* _Data provided_
★ ★ ★

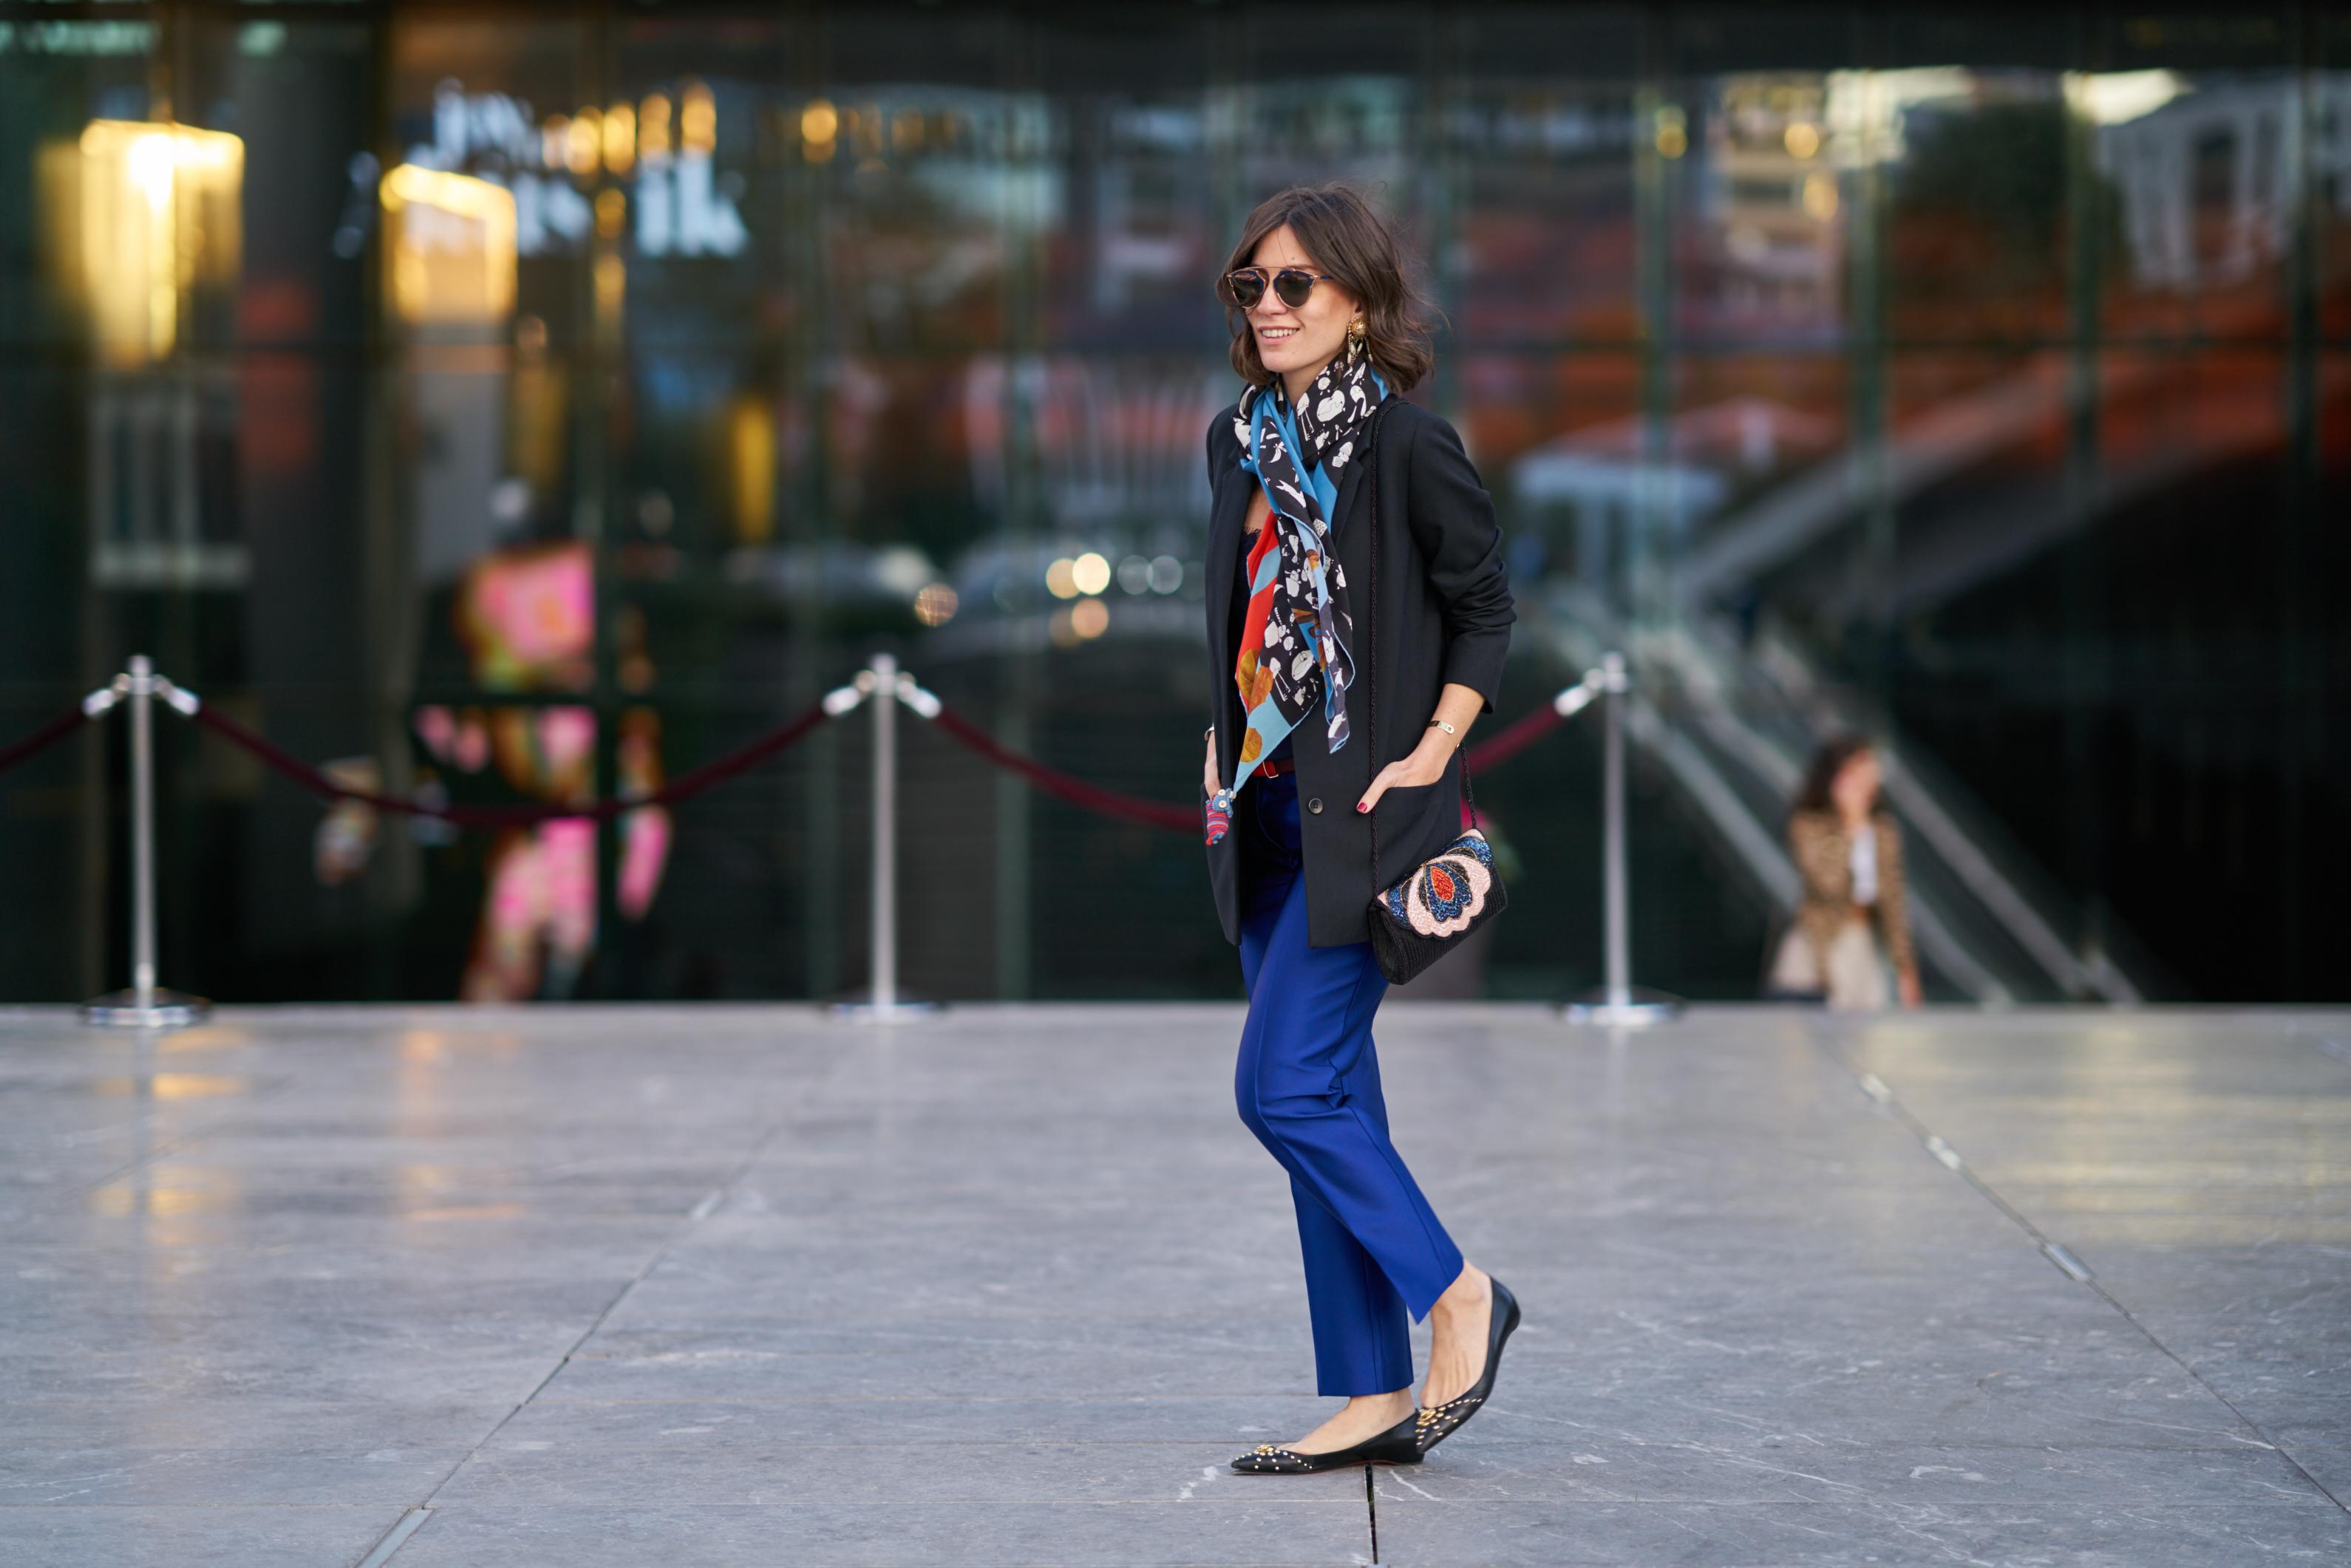 billur saatci, offnegiysem, street style, turkish style blogger, mbfwi, mercedes-benz fashion week istanbul, istanbul moda haftası, ne giydim, ootd, fey, massimo dutti, vintage, dior, rumisu, christian louboutin, vintage istanbul
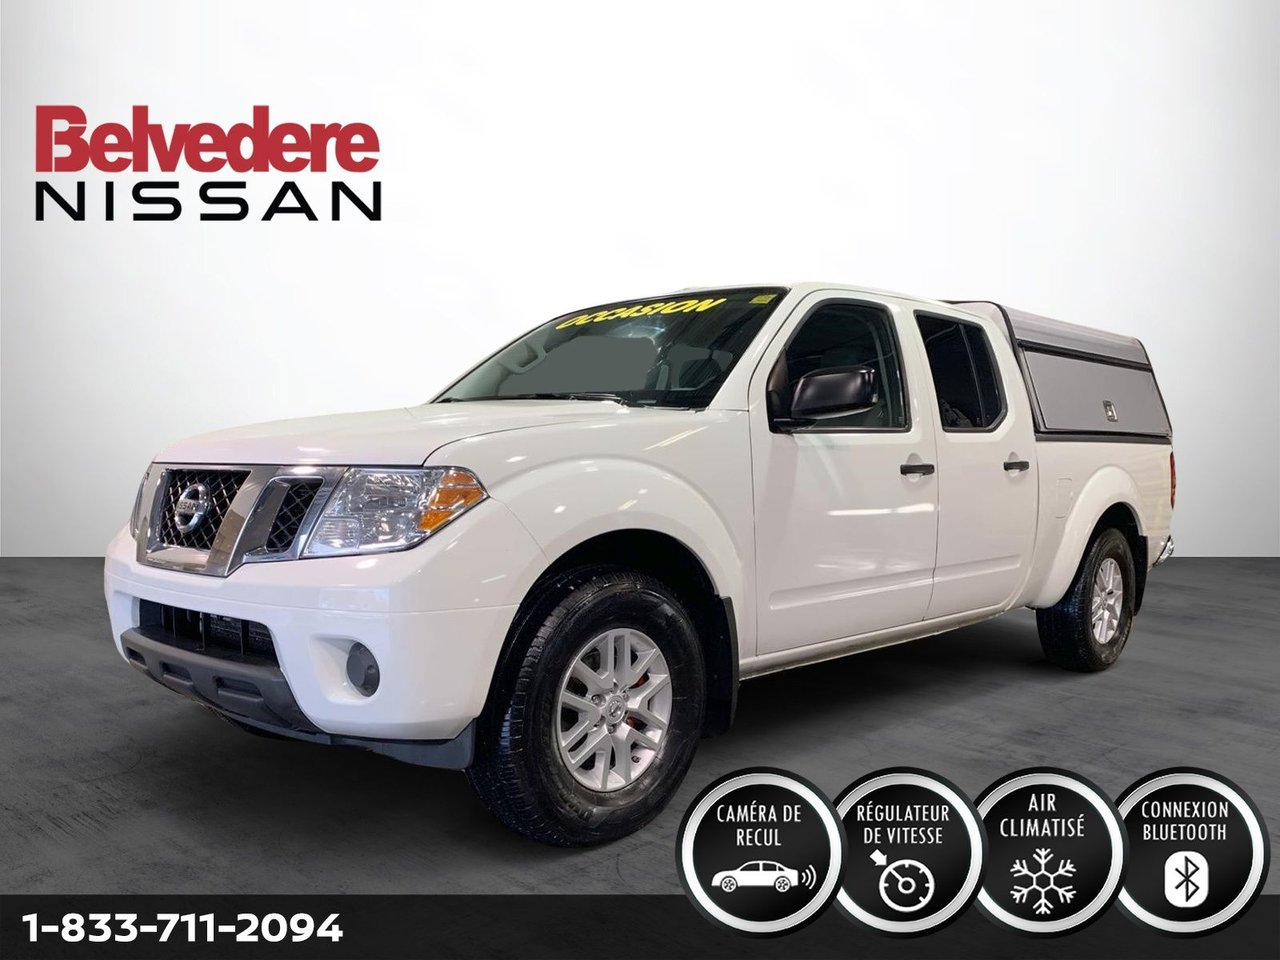 Nissan Frontier 2018 SV 4X4 AUTOMATIQUE CAMERA DE RECUL BLUETOOTH
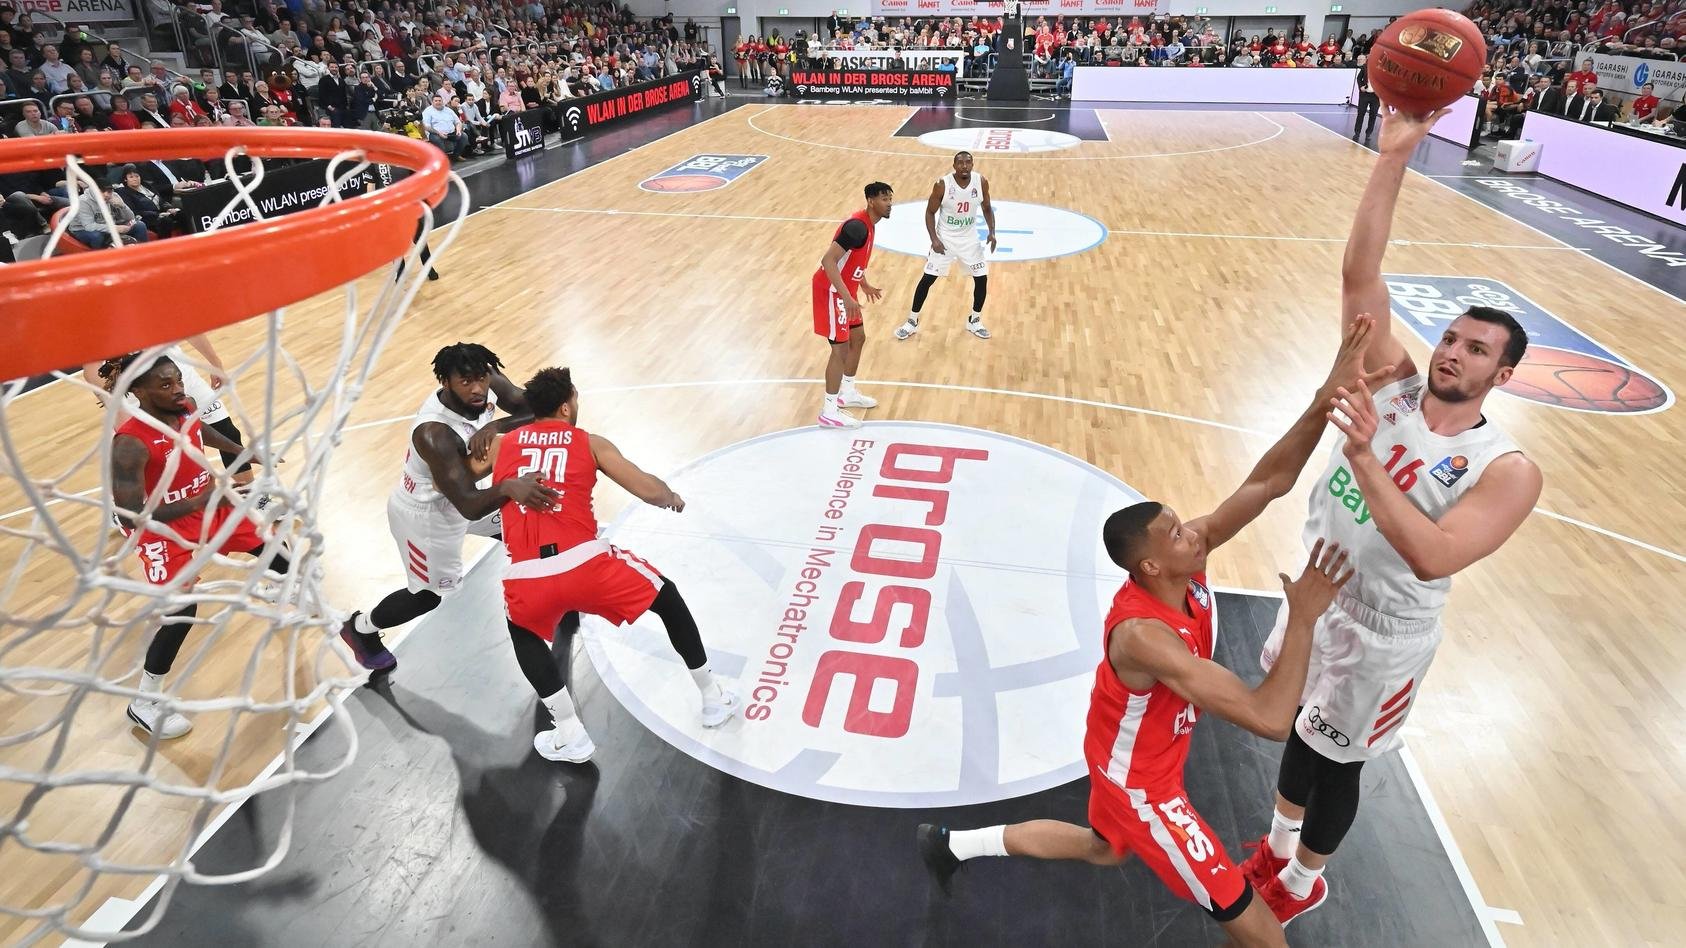 BAMBERG 30.12.2019 --- Basketball ---- easycredit 1. Basketball Bundesliga ---- 14. Spieltag: Brose Bamberg vs FC Bayern
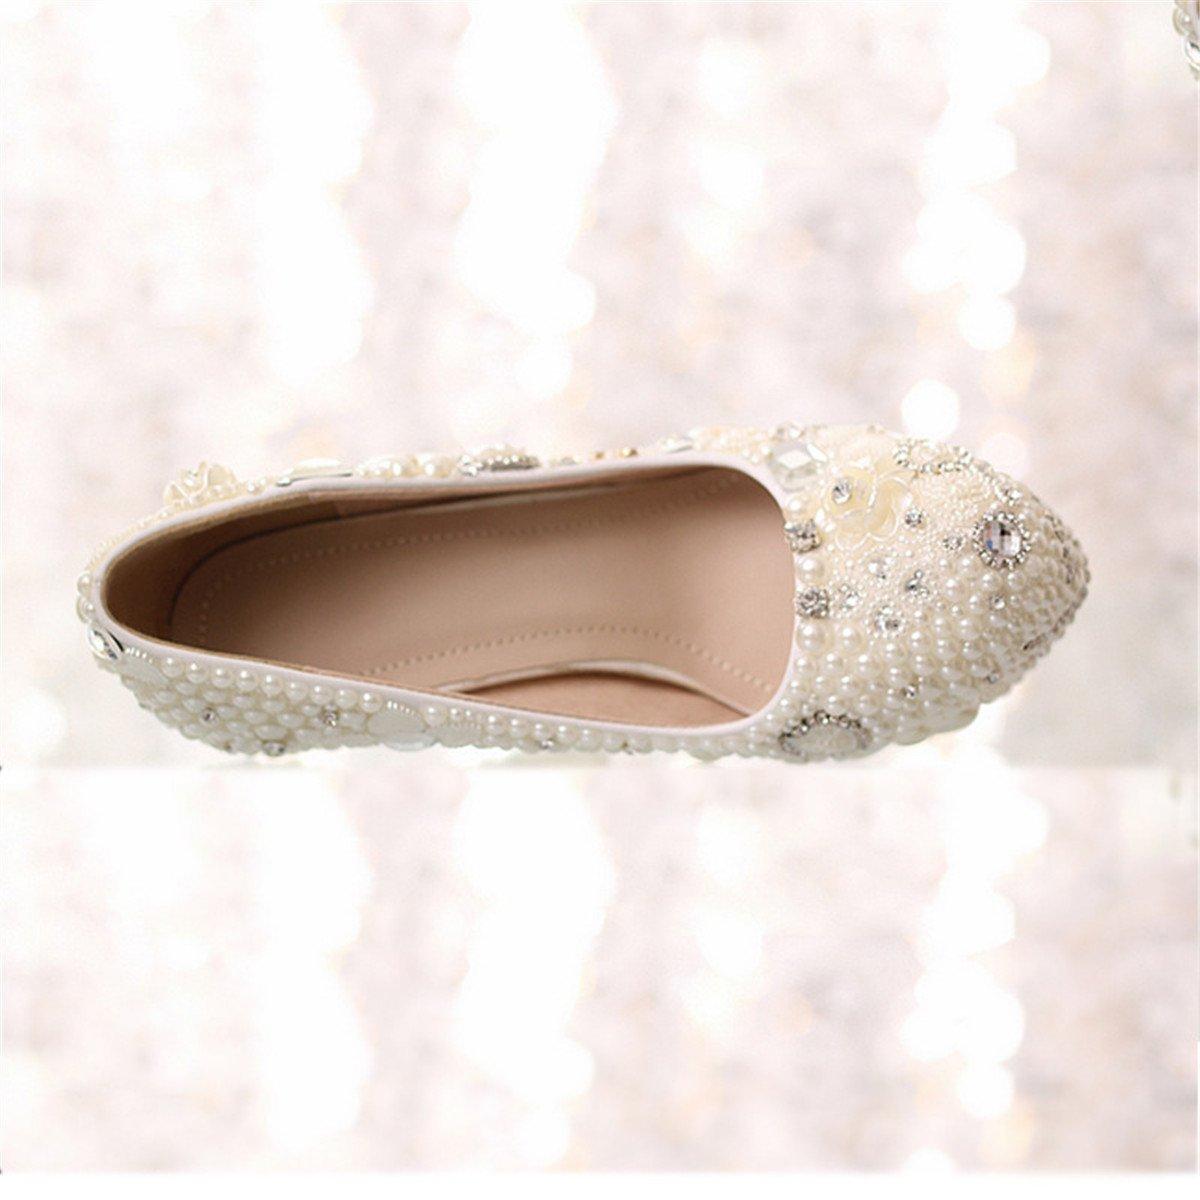 Woherren schuhe Comfort Sandals Walking schuhe schuhe schuhe   Damen Sandalen   Sandalette Crystal Schuhe wasserdicht Taiwan high-heeled Hochzeit Schuhe Weiß Pearl crystal großen Diamanten Hochzeit Schuhe   begleitet Dame Kleid Schuhe   Damenschuhe 1e1bfb

★ ★ ★

An exact copy of all the data above is required; omit any pictures.

 billur saatci, offnegiysem, street style, turkish style blogger, mbfwi, mercedes-benz fashion week istanbul, istanbul moda haftası, ne giydim, ootd, fey, massimo dutti, vintage, dior, rumisu, christian louboutin, vintage istanbul
 Nissan Frontier 2018 SV 4X4 AUTOMATIQUE CAMERA DE RECUL BLUETOOTH
 BAMBERG 30.12.2019 --- Basketball ---- easycredit 1. Basketball Bundesliga ---- 14. Spieltag: Brose Bamberg vs FC Bayern
 Woherren schuhe Comfort Sandals Walking schuhe schuhe schuhe   Damen Sandalen   Sandalette Crystal Schuhe wasserdicht Taiwan high-heeled Hochzeit Schuhe Weiß Pearl crystal großen Diamanten Hochzeit Schuhe   begleitet Dame Kleid Schuhe   Damenschuhe 1e1bfb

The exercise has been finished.